Task prompt => No pictures, please: print exactly the lines from the one that contains "Libra SG Petite" through the last line of the listing.

Recorded data =>
>>>

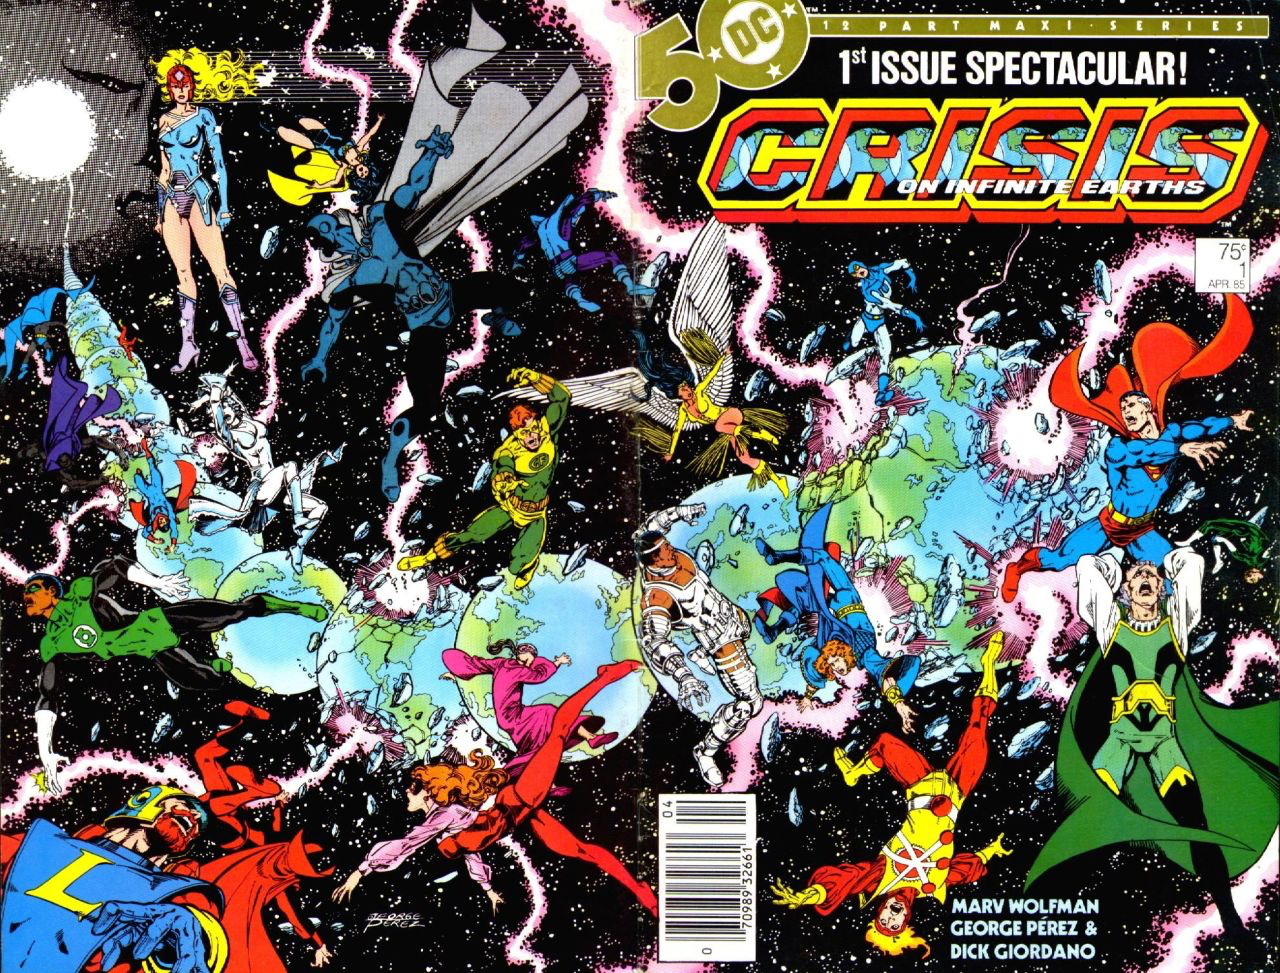 Crisis on Infinite Earths #1 - art by George Pére
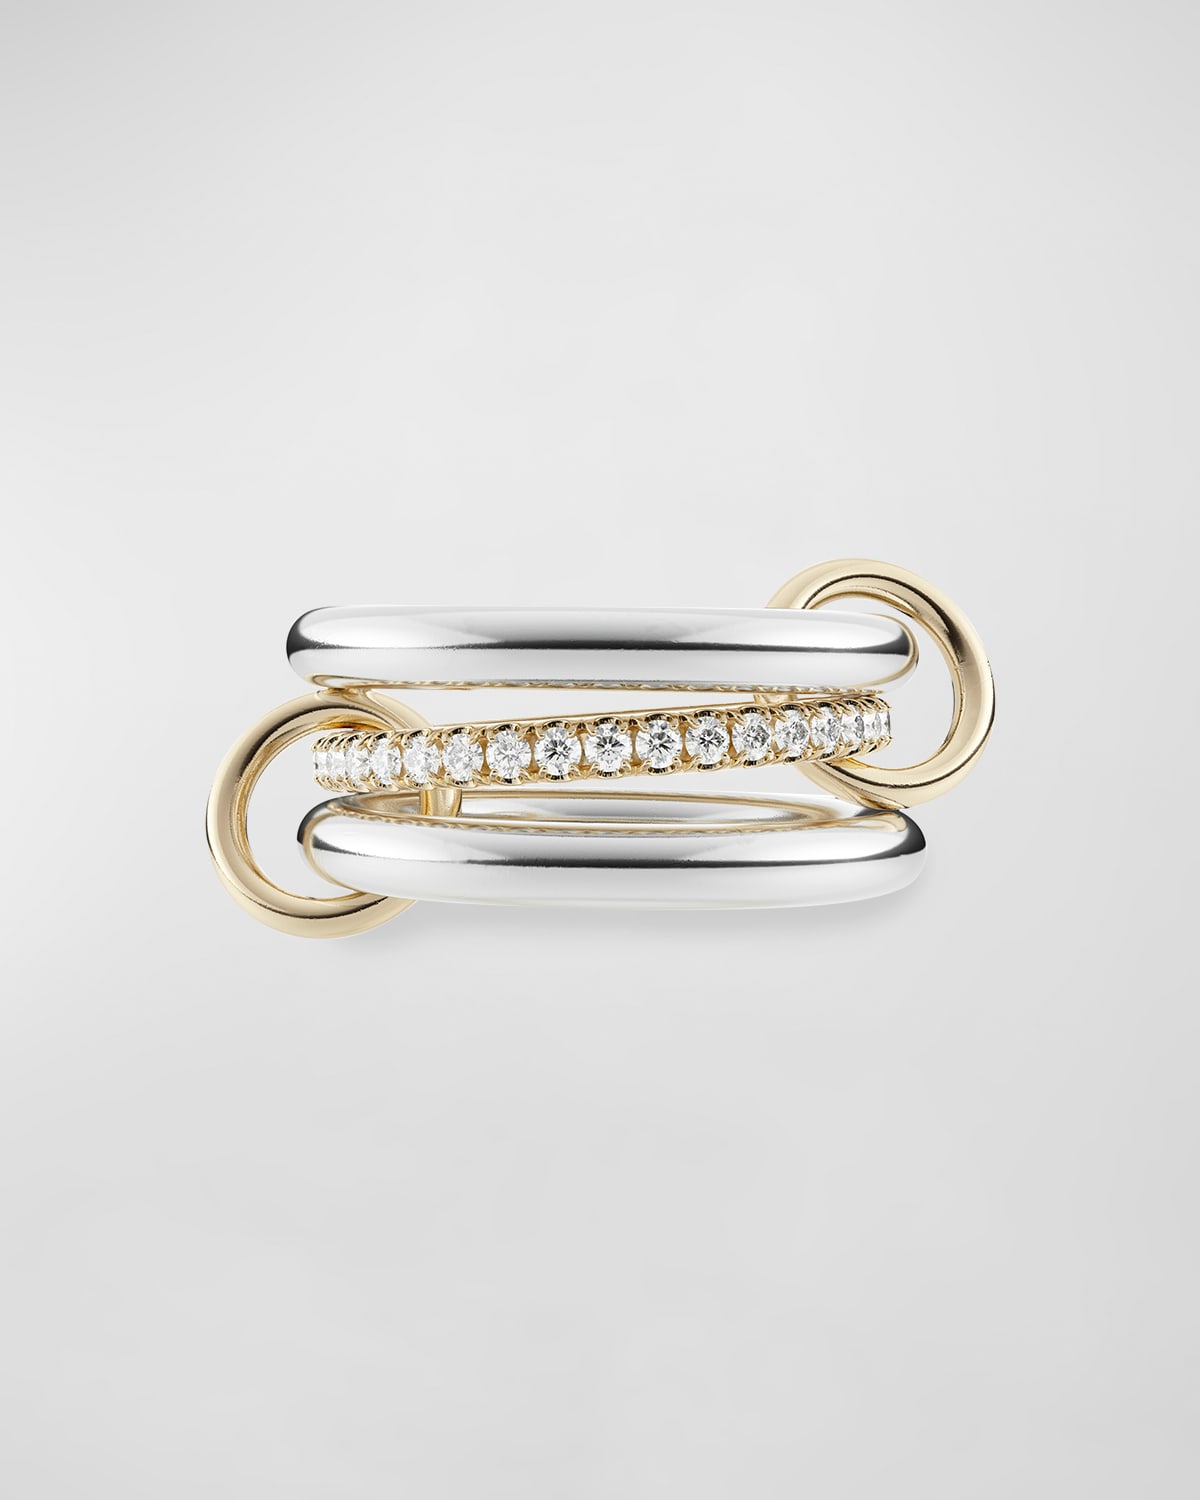 Libra SG Petite 3-Link Ring in Sterling Silver, 18K Yellow Gold and Diamonds, Size 4.5
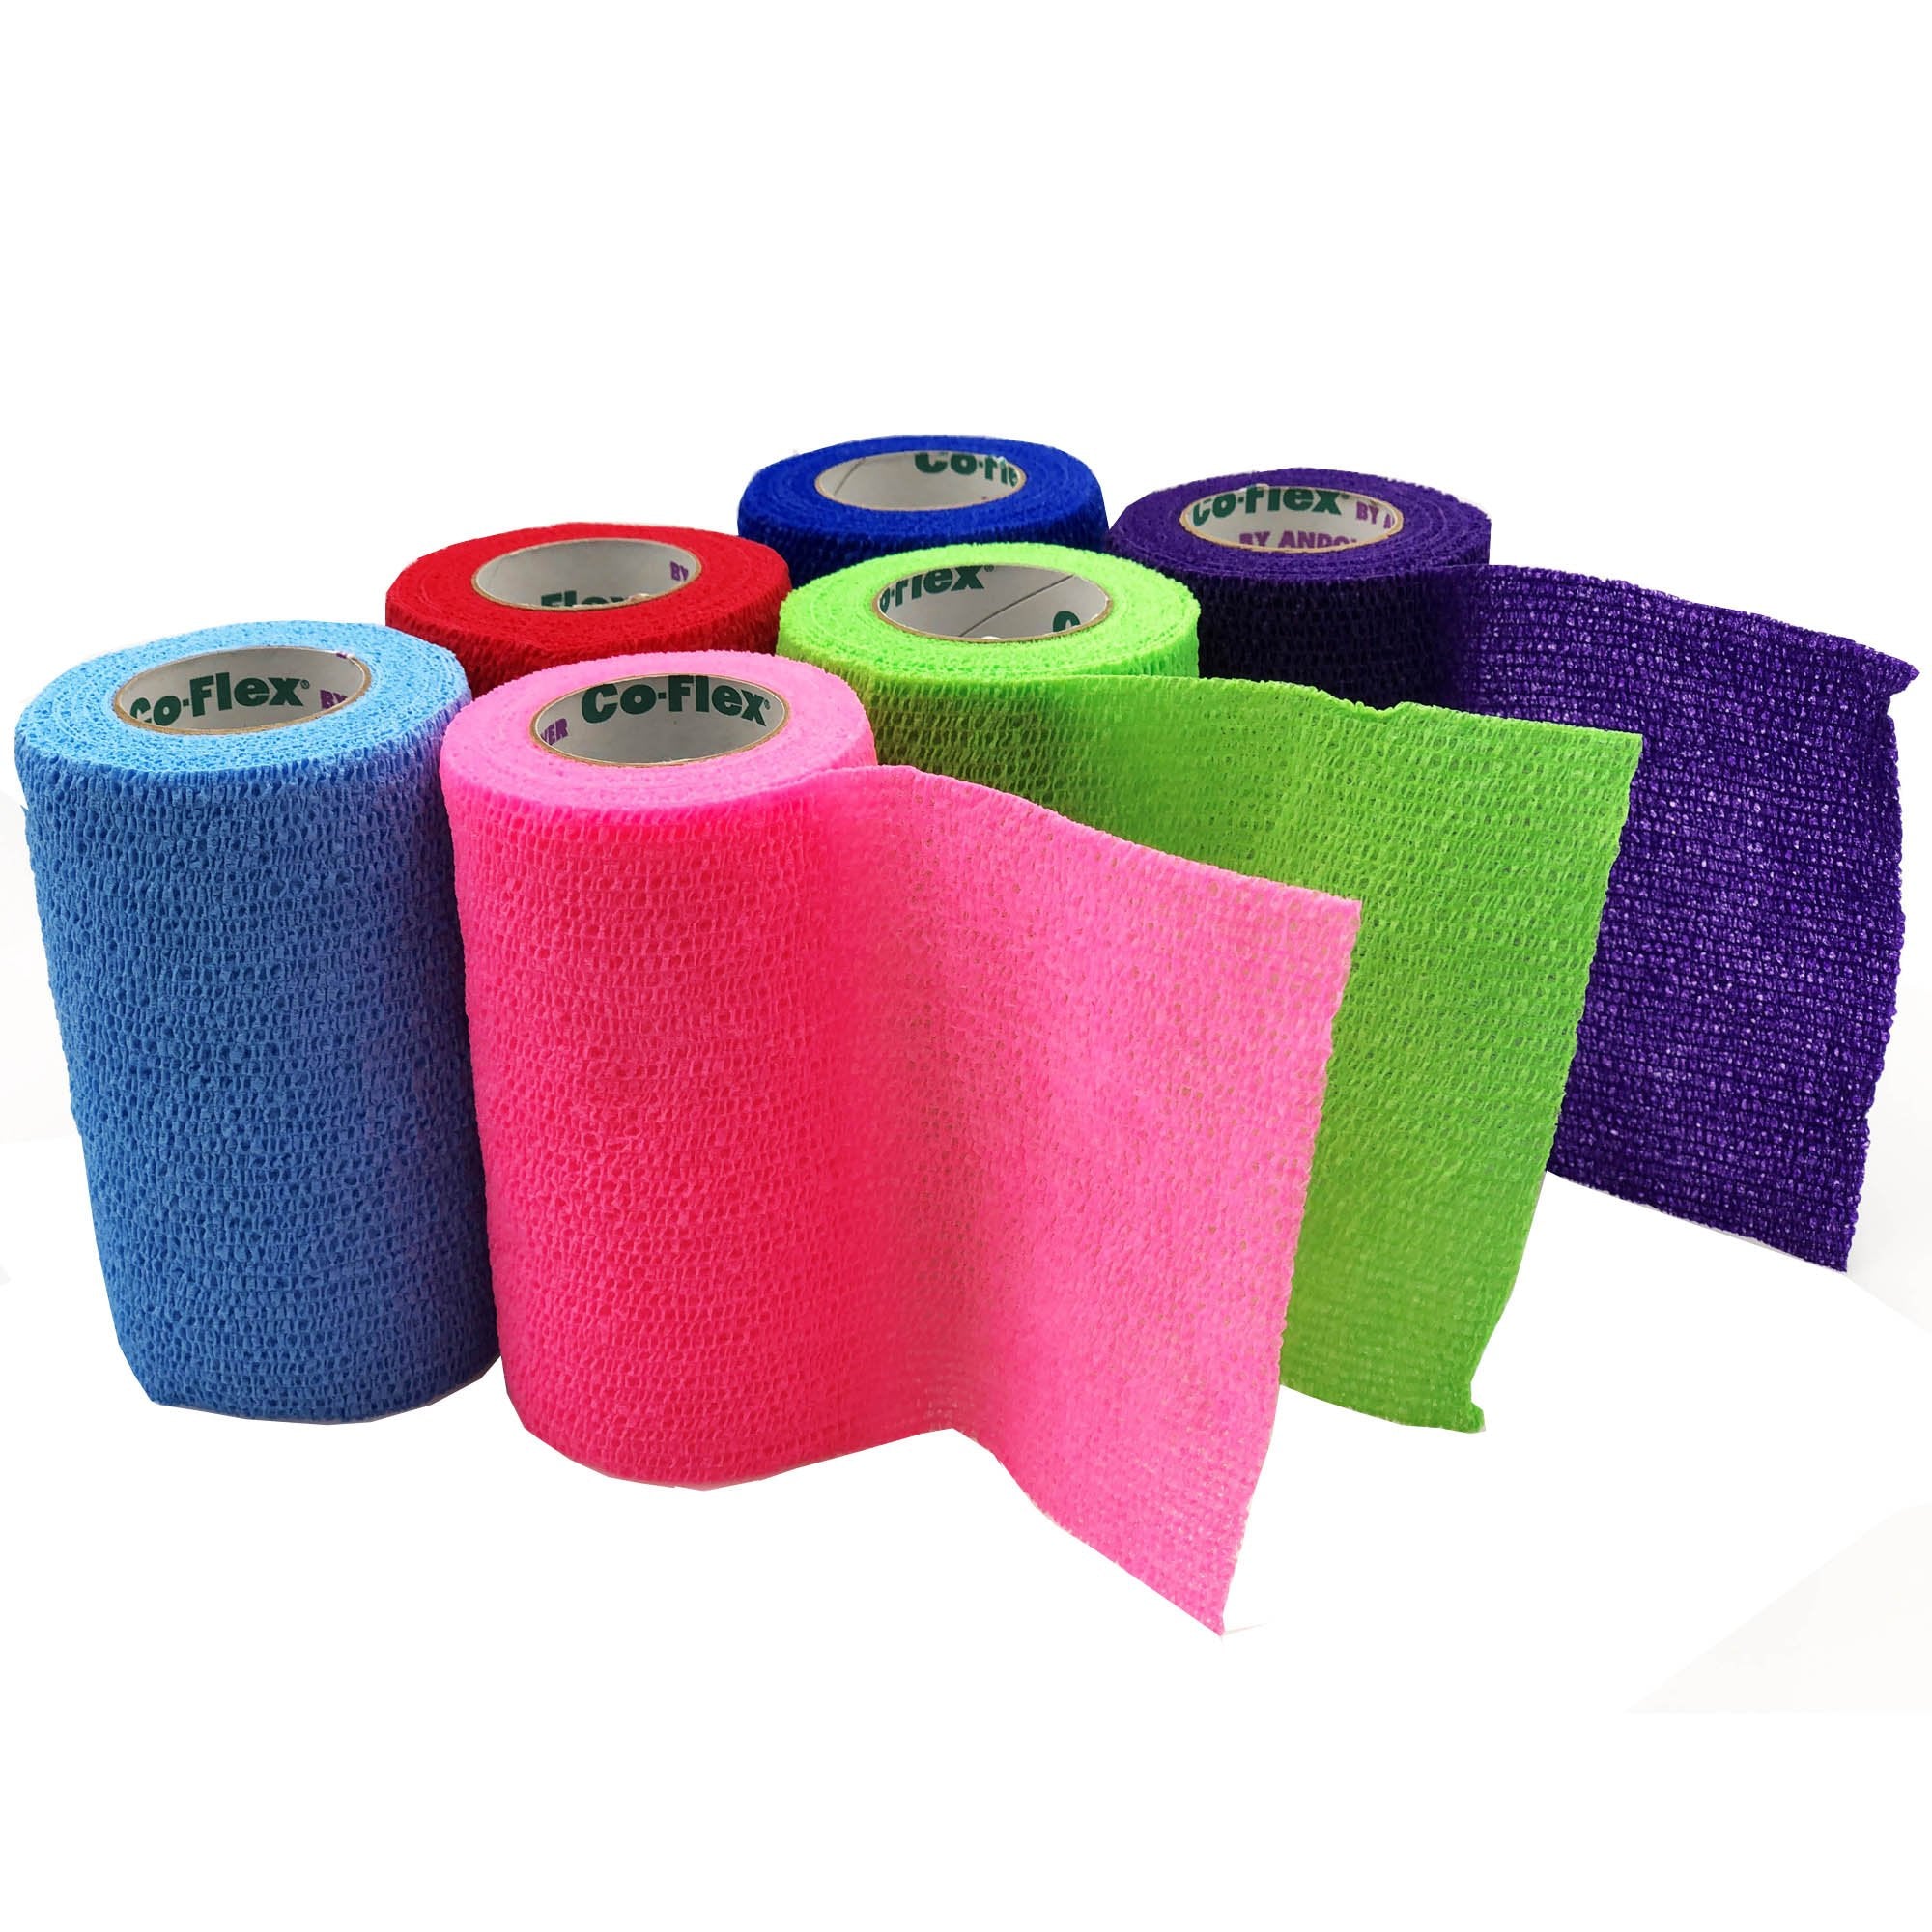 Cohesive Bandage Co-Flex®·Med 3 Inch X 5 Yard Self-Adherent Closure Neon Pink / Blue / Purple / Light Blue / Neon Green / Red NonSterile 16 lbs. Tensile Strength
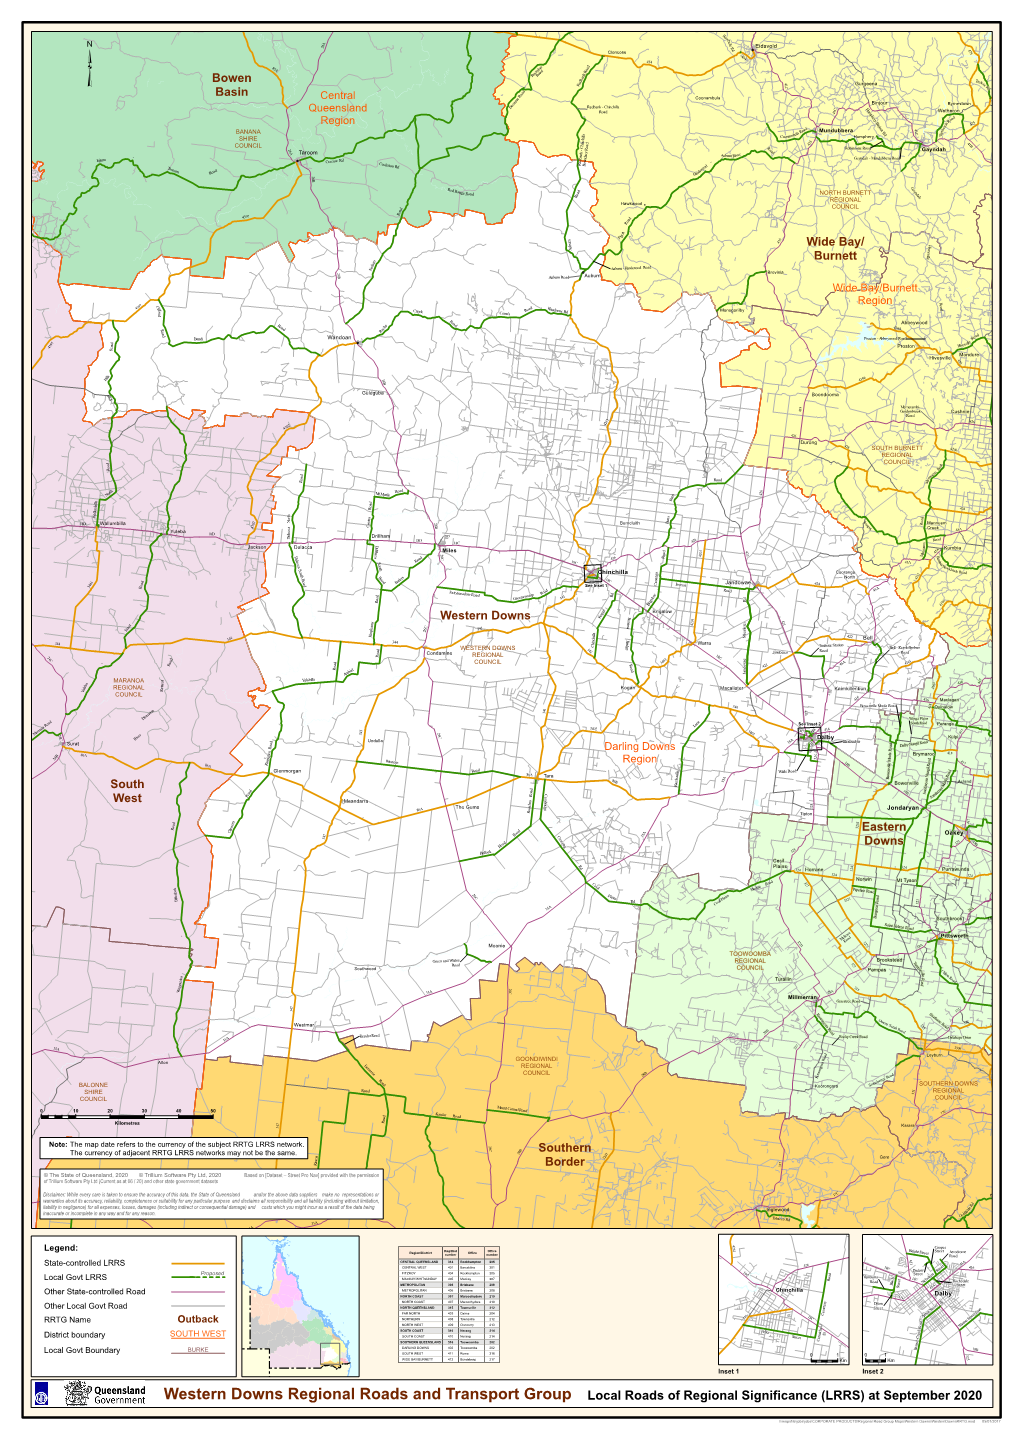 Western Downs Regional Roads and Transport Group Local Roads of Regional Significance (LRRS) at September 2020

<<<

Written response =>
 Libra SG Petite 3-Link Ring in Sterling Silver, 18K Yellow Gold and Diamonds, Size 4.5
 Cohesive Bandage Co-Flex®·Med 3 Inch X 5 Yard Self-Adherent Closure Neon Pink / Blue / Purple / Light Blue / Neon Green / Red NonSterile 16 lbs. Tensile Strength
 Western Downs Regional Roads and Transport Group Local Roads of Regional Significance (LRRS) at September 2020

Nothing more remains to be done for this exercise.